---- Dataset content
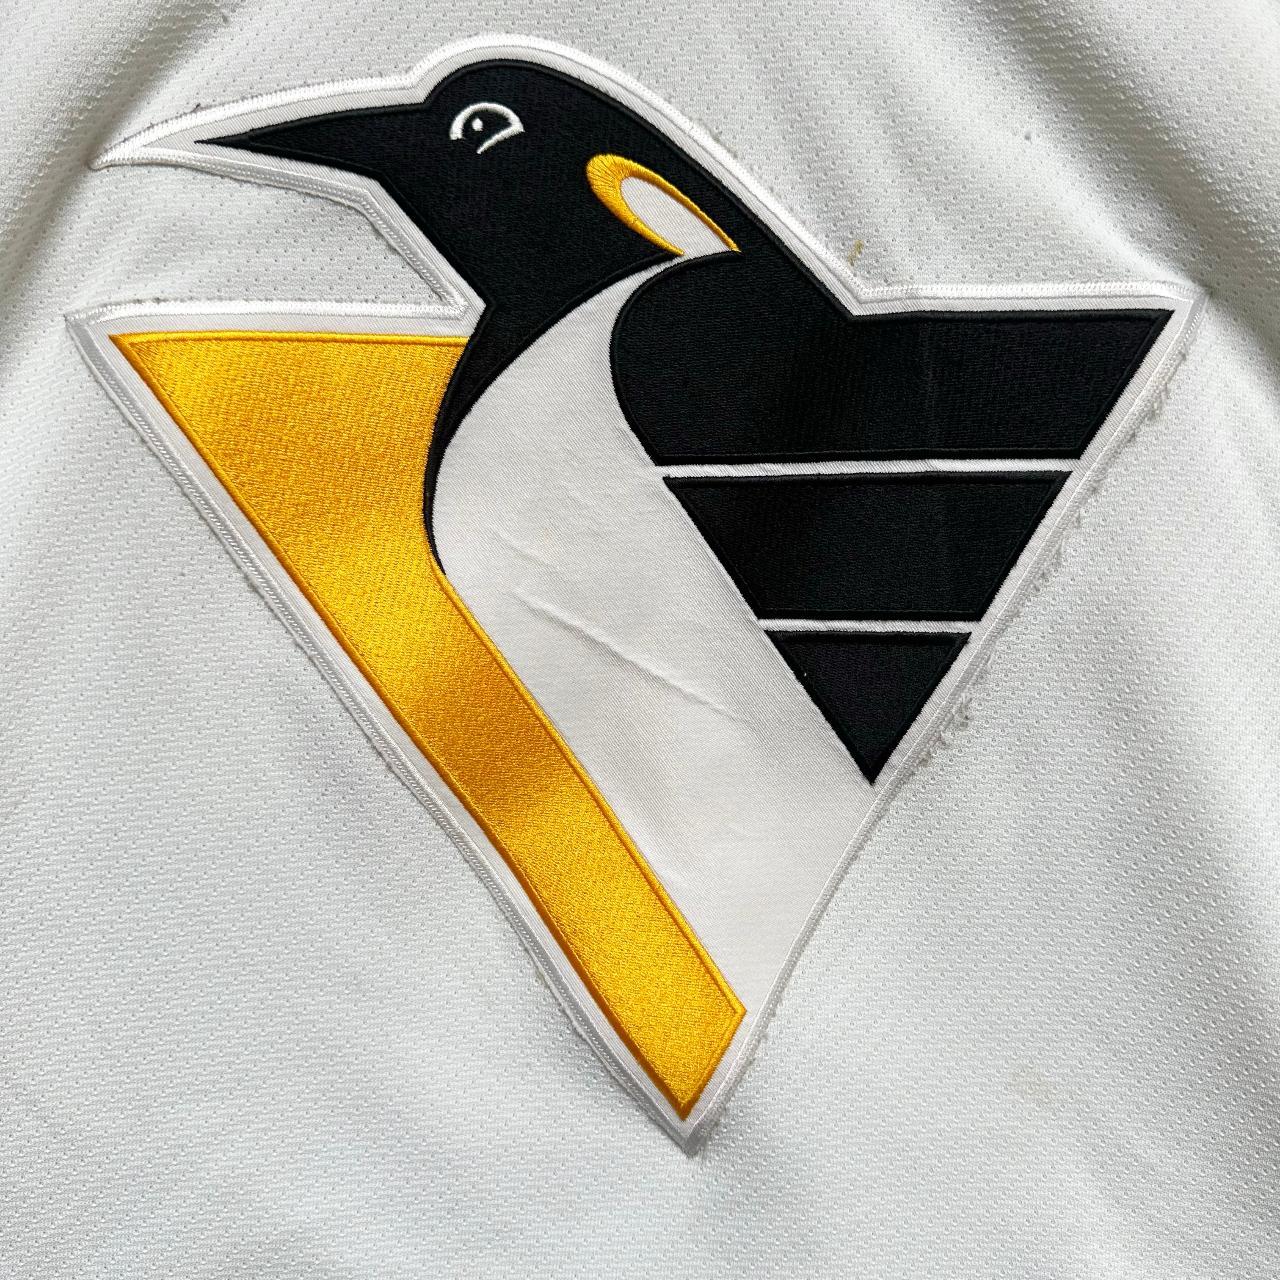 Vintage CCM Pittsburgh Penguins Sportswear Hockey - Depop
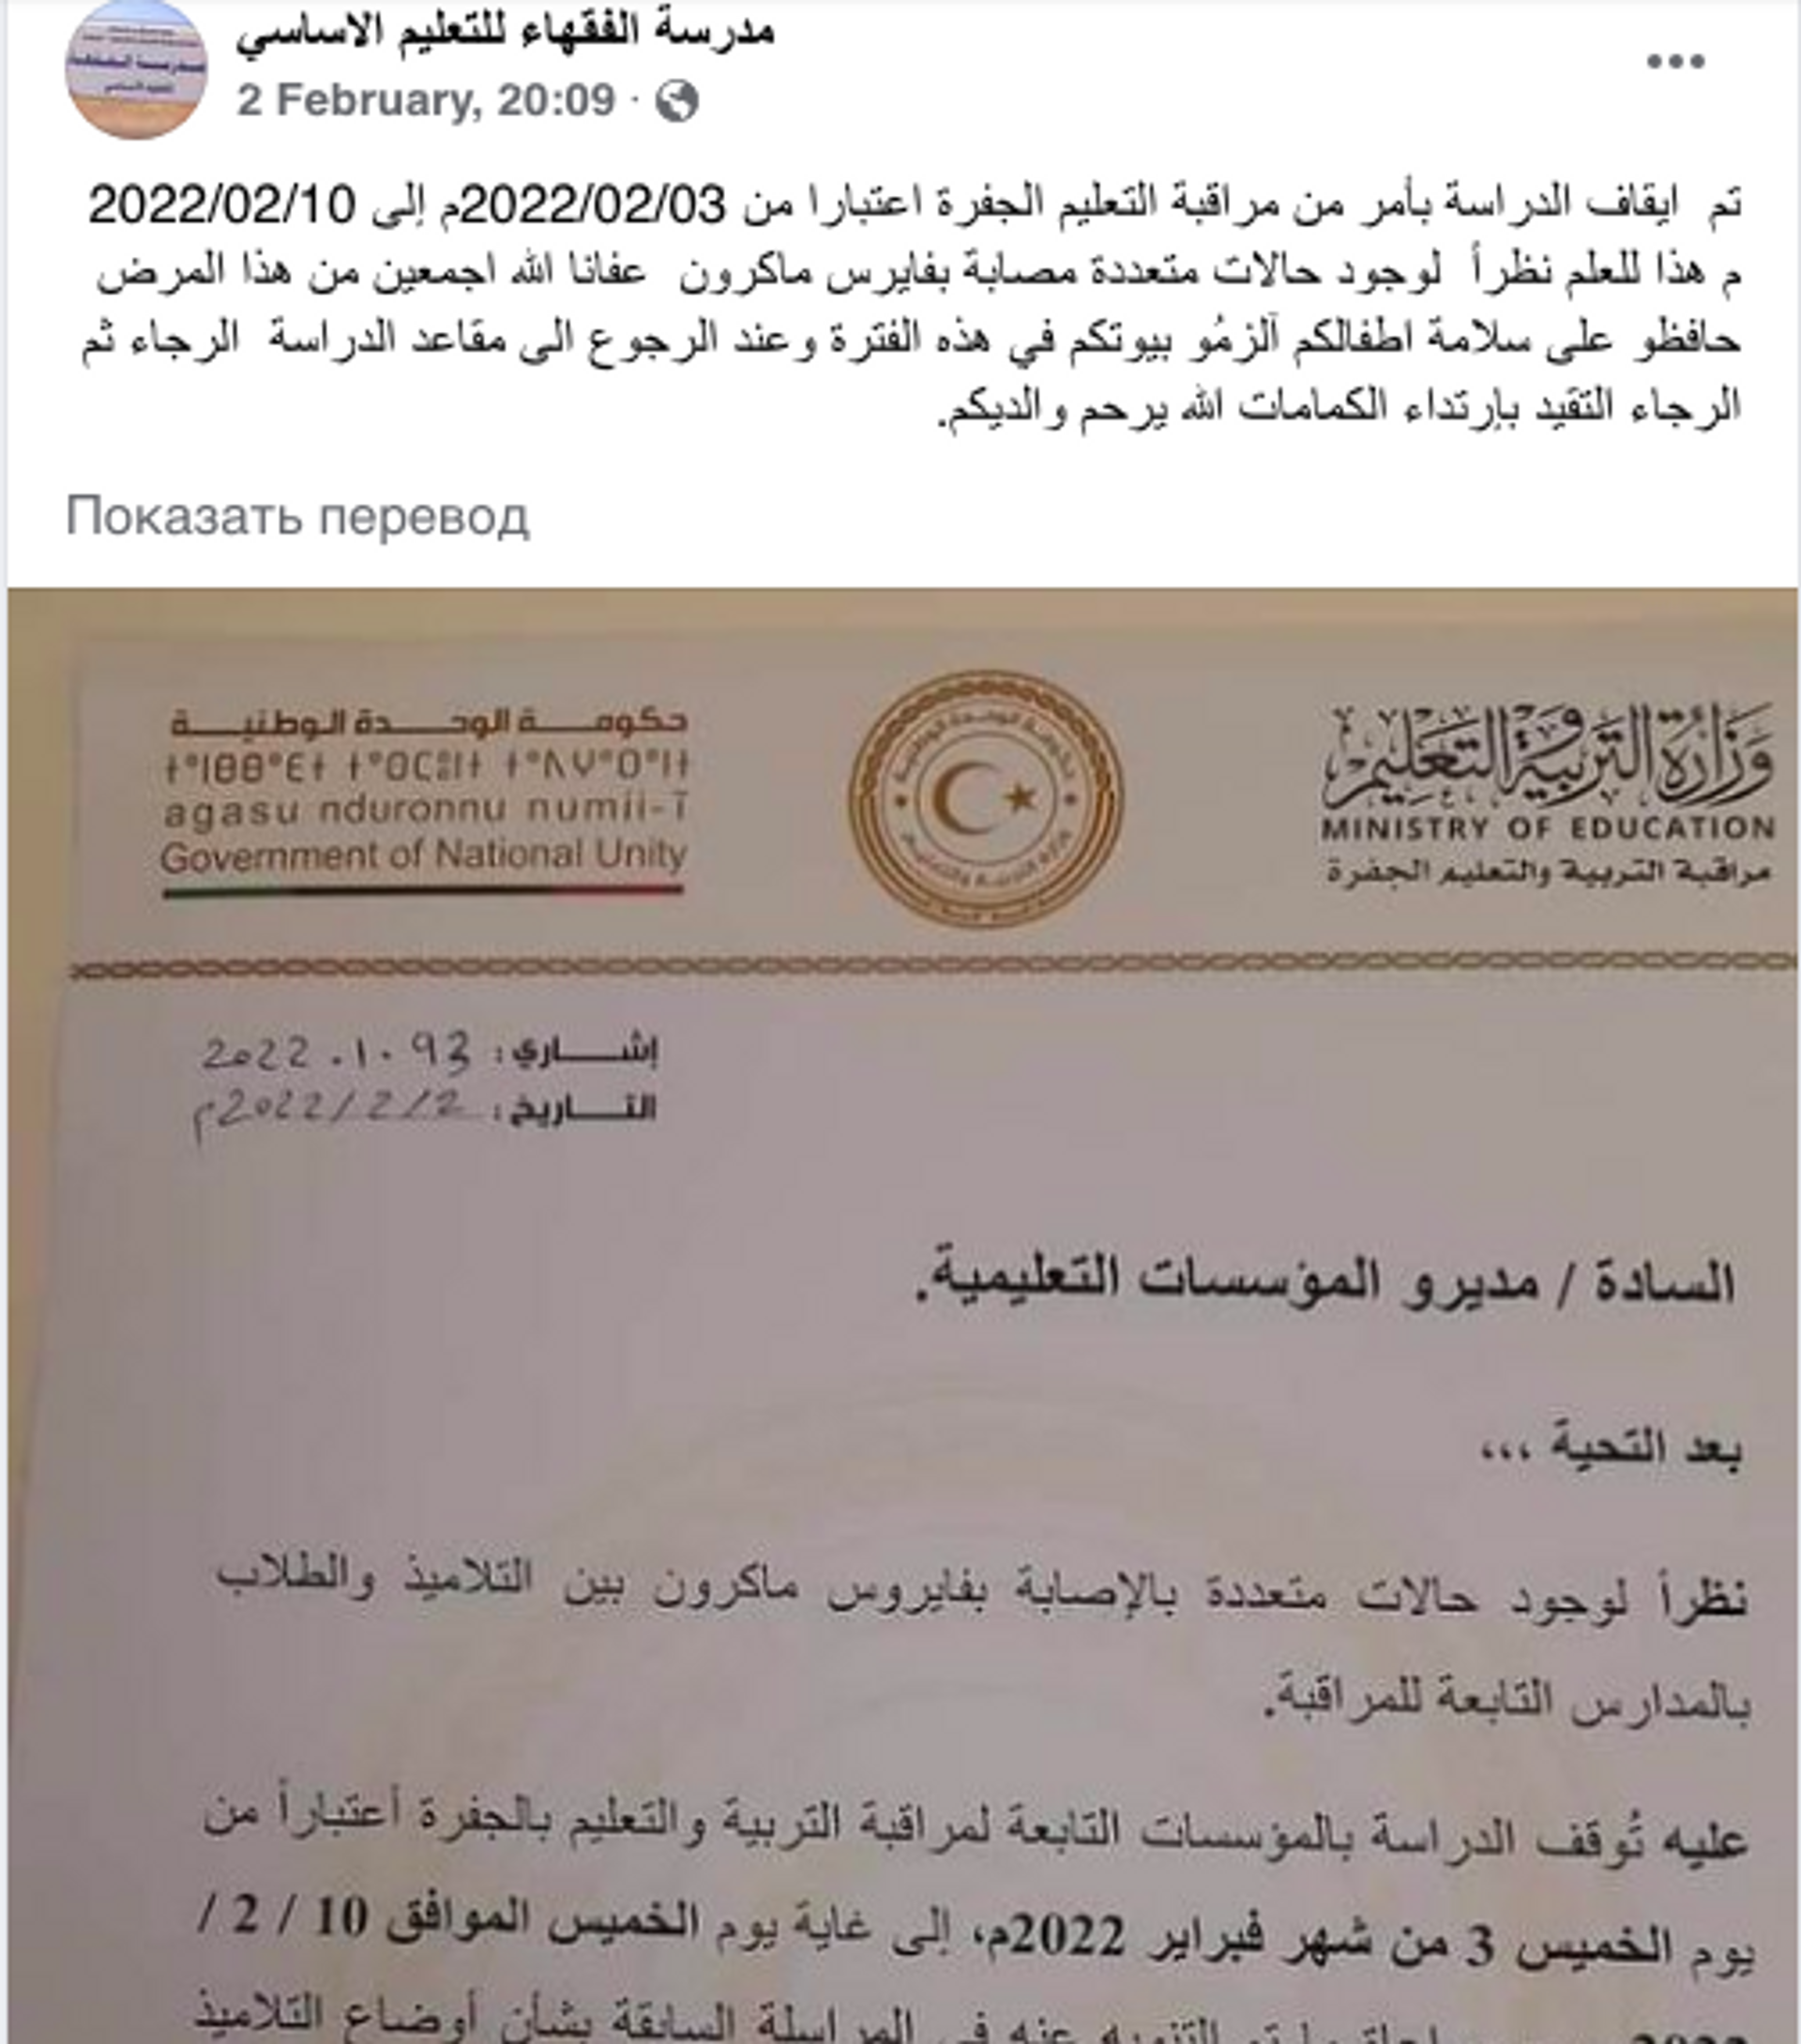 Libyan Education Ministry's decree on coronavirus quarantine in schools, February 2022 - Sputnik International, 1920, 04.02.2022
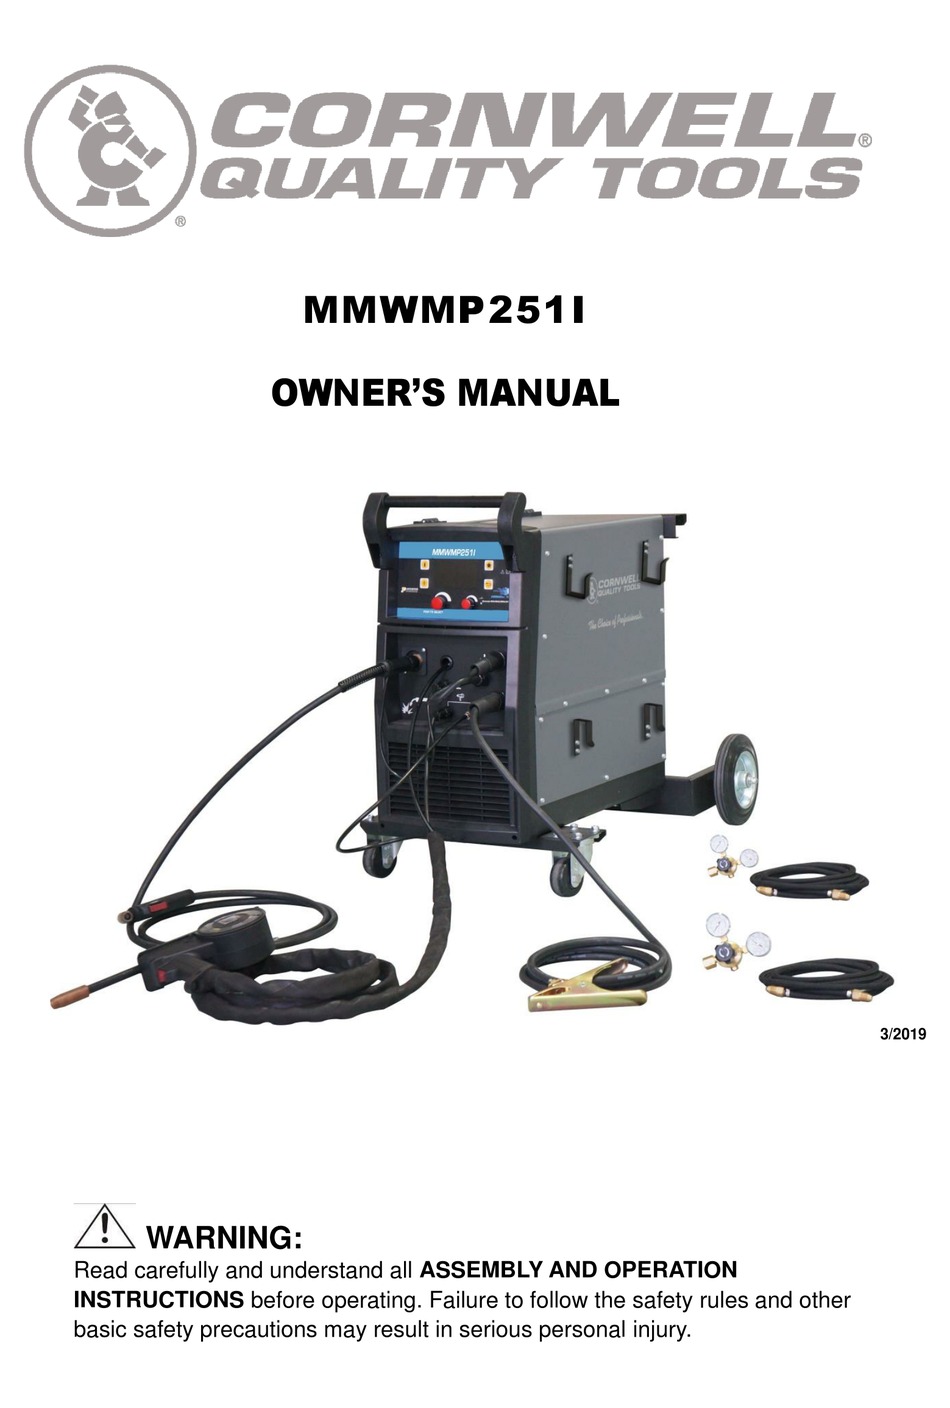 CORNWELL TOOLS MMWMGS250 OWNER'S MANUAL Pdf Download ManualsLib
--------
* What you should do
Reproduce the listing exactly, minus its pictures.

* Answer space
 Vintage CCM Pittsburgh Penguins Sportswear Hockey - Depop
 Libyan Education Ministry's decree on coronavirus quarantine in schools, February 2022 - Sputnik International, 1920, 04.02.2022
 CORNWELL TOOLS MMWMGS250 OWNER'S MANUAL Pdf Download ManualsLib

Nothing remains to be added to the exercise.